▼

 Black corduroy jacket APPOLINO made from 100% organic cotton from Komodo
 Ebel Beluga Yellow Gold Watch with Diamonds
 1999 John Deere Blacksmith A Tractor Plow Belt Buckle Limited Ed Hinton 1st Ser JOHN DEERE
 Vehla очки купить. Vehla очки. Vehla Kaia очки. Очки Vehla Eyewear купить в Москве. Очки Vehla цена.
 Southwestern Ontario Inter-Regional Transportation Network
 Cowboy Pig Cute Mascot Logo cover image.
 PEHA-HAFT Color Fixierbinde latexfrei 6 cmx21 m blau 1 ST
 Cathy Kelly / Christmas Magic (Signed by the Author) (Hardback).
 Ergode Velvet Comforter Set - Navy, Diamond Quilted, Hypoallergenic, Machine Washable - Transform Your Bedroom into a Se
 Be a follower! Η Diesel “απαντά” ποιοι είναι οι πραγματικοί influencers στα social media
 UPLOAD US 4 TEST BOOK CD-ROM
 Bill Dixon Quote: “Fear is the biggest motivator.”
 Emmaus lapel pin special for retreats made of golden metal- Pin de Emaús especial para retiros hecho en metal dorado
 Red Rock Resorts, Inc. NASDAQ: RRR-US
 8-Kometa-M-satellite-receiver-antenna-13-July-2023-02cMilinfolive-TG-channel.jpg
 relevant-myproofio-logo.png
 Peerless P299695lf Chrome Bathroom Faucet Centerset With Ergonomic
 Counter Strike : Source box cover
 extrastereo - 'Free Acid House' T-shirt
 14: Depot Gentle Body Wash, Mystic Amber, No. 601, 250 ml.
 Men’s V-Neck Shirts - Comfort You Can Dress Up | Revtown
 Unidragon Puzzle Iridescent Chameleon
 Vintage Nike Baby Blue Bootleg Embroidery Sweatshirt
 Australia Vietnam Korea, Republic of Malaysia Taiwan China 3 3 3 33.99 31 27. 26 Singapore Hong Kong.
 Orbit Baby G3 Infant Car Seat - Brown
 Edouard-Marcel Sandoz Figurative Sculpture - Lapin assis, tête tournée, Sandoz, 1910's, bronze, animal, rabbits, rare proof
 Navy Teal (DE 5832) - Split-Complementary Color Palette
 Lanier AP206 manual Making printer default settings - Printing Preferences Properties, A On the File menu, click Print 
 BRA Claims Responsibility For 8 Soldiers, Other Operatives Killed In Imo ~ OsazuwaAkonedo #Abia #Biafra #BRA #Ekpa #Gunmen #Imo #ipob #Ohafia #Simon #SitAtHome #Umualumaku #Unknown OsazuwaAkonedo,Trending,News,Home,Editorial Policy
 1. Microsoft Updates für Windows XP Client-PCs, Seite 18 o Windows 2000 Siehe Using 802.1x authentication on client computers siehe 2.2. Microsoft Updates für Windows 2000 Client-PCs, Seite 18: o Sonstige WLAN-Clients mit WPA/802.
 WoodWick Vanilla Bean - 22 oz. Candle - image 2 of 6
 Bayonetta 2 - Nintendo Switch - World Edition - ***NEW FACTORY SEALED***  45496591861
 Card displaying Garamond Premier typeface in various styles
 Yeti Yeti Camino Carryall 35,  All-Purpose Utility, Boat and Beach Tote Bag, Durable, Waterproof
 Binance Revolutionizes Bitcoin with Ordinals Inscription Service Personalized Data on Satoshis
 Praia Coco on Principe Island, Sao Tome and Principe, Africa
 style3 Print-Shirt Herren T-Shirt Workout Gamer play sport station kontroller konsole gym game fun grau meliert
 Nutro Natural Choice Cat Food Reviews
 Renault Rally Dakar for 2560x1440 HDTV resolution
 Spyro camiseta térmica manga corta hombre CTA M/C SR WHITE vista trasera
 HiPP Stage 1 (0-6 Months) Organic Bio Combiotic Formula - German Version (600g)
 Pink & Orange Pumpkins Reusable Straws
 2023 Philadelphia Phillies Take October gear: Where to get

▲

**What is required**
All of the data needs to be reproduced exactly, with no line missing.

**Result**
 Black corduroy jacket APPOLINO made from 100% organic cotton from Komodo
 Ebel Beluga Yellow Gold Watch with Diamonds
 1999 John Deere Blacksmith A Tractor Plow Belt Buckle Limited Ed Hinton 1st Ser JOHN DEERE
 Vehla очки купить. Vehla очки. Vehla Kaia очки. Очки Vehla Eyewear купить в Москве. Очки Vehla цена.
 Southwestern Ontario Inter-Regional Transportation Network
 Cowboy Pig Cute Mascot Logo cover image.
 PEHA-HAFT Color Fixierbinde latexfrei 6 cmx21 m blau 1 ST
 Cathy Kelly / Christmas Magic (Signed by the Author) (Hardback).
 Ergode Velvet Comforter Set - Navy, Diamond Quilted, Hypoallergenic, Machine Washable - Transform Your Bedroom into a Se
 Be a follower! Η Diesel “απαντά” ποιοι είναι οι πραγματικοί influencers στα social media
 UPLOAD US 4 TEST BOOK CD-ROM
 Bill Dixon Quote: “Fear is the biggest motivator.”
 Emmaus lapel pin special for retreats made of golden metal- Pin de Emaús especial para retiros hecho en metal dorado
 Red Rock Resorts, Inc. NASDAQ: RRR-US
 8-Kometa-M-satellite-receiver-antenna-13-July-2023-02cMilinfolive-TG-channel.jpg
 relevant-myproofio-logo.png
 Peerless P299695lf Chrome Bathroom Faucet Centerset With Ergonomic
 Counter Strike : Source box cover
 extrastereo - 'Free Acid House' T-shirt
 14: Depot Gentle Body Wash, Mystic Amber, No. 601, 250 ml.
 Men’s V-Neck Shirts - Comfort You Can Dress Up | Revtown
 Unidragon Puzzle Iridescent Chameleon
 Vintage Nike Baby Blue Bootleg Embroidery Sweatshirt
 Australia Vietnam Korea, Republic of Malaysia Taiwan China 3 3 3 33.99 31 27. 26 Singapore Hong Kong.
 Orbit Baby G3 Infant Car Seat - Brown
 Edouard-Marcel Sandoz Figurative Sculpture - Lapin assis, tête tournée, Sandoz, 1910's, bronze, animal, rabbits, rare proof
 Navy Teal (DE 5832) - Split-Complementary Color Palette
 Lanier AP206 manual Making printer default settings - Printing Preferences Properties, A On the File menu, click Print 
 BRA Claims Responsibility For 8 Soldiers, Other Operatives Killed In Imo ~ OsazuwaAkonedo #Abia #Biafra #BRA #Ekpa #Gunmen #Imo #ipob #Ohafia #Simon #SitAtHome #Umualumaku #Unknown OsazuwaAkonedo,Trending,News,Home,Editorial Policy
 1. Microsoft Updates für Windows XP Client-PCs, Seite 18 o Windows 2000 Siehe Using 802.1x authentication on client computers siehe 2.2. Microsoft Updates für Windows 2000 Client-PCs, Seite 18: o Sonstige WLAN-Clients mit WPA/802.
 WoodWick Vanilla Bean - 22 oz. Candle - image 2 of 6
 Bayonetta 2 - Nintendo Switch - World Edition - ***NEW FACTORY SEALED***  45496591861
 Card displaying Garamond Premier typeface in various styles
 Yeti Yeti Camino Carryall 35,  All-Purpose Utility, Boat and Beach Tote Bag, Durable, Waterproof
 Binance Revolutionizes Bitcoin with Ordinals Inscription Service Personalized Data on Satoshis
 Praia Coco on Principe Island, Sao Tome and Principe, Africa
 style3 Print-Shirt Herren T-Shirt Workout Gamer play sport station kontroller konsole gym game fun grau meliert
 Nutro Natural Choice Cat Food Reviews
 Renault Rally Dakar for 2560x1440 HDTV resolution
 Spyro camiseta térmica manga corta hombre CTA M/C SR WHITE vista trasera
 HiPP Stage 1 (0-6 Months) Organic Bio Combiotic Formula - German Version (600g)
 Pink & Orange Pumpkins Reusable Straws
 2023 Philadelphia Phillies Take October gear: Where to get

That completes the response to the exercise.